200/- should be recovered from the advocate who absented himself. The right to execute that order is reserved with the party represented by Mr. A.K. Sanghi." 7. Following the principle of law laid down by the Supreme Court in the matter of Rafiq AIR 1981 SC 1400 (supra) to the fact of present case, it would appear that Mr. S.M. Mendhekar, counsel for the petitioner had regularly appeared before that Court and represented the petitioner-NTPC and petitioner-NTPC contested the appeal by filing of his own appeal as well as opposing the appeal preferred by the respondent No. 1/employee, in that case the Industrial Court ought to have heard the counsel for the petitioner-NTPC by adjourning the matter even for short while.

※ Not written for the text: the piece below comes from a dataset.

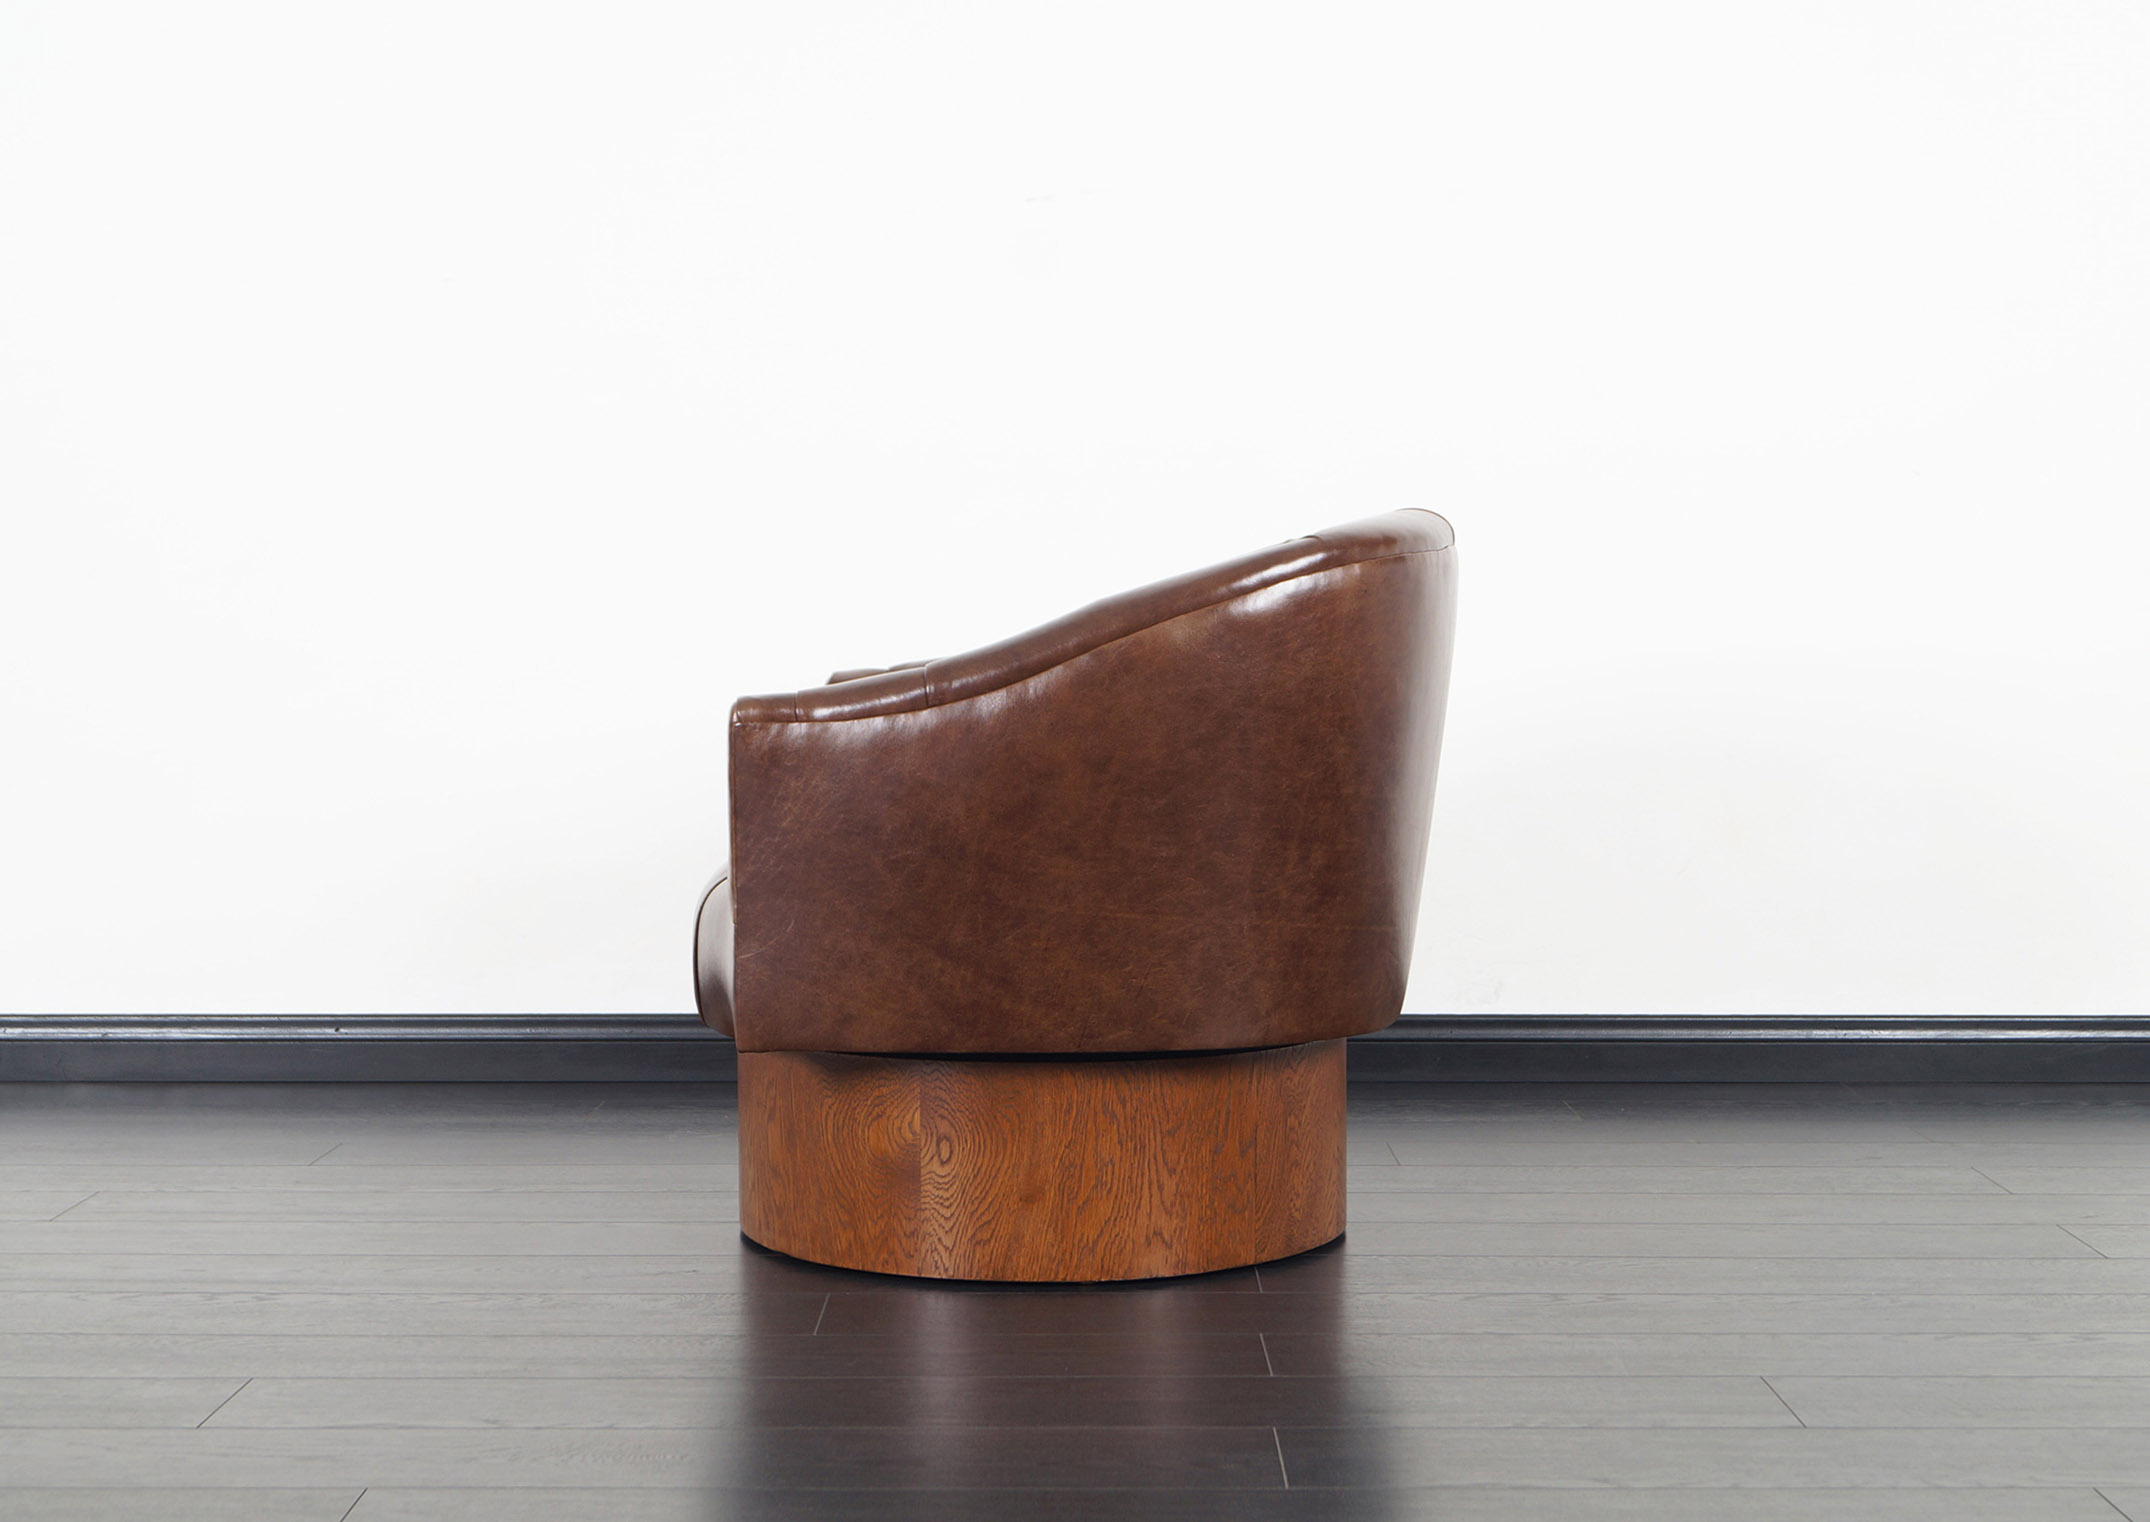 Vintage Leather Swivel Lounge Chairs by Milo Baughman

In view of aforesaid discussion, the writ petition is allowed to the extent indicated hereinabove. The Appeal filed by the petitioner being Appeal No. 154/MPIR Act/88 and Appeal filed by the respondent No. 1/employee being Appeal No. 213/MPIR Act/88 both and the applications are hereby set-aside. It is directed that both the Appeals be restored to its original number in the Industrial Court and be disposed of after proper opportunity of hearing to the parties and in accordance with law within a period of three months from the date of production of certified copy of this order.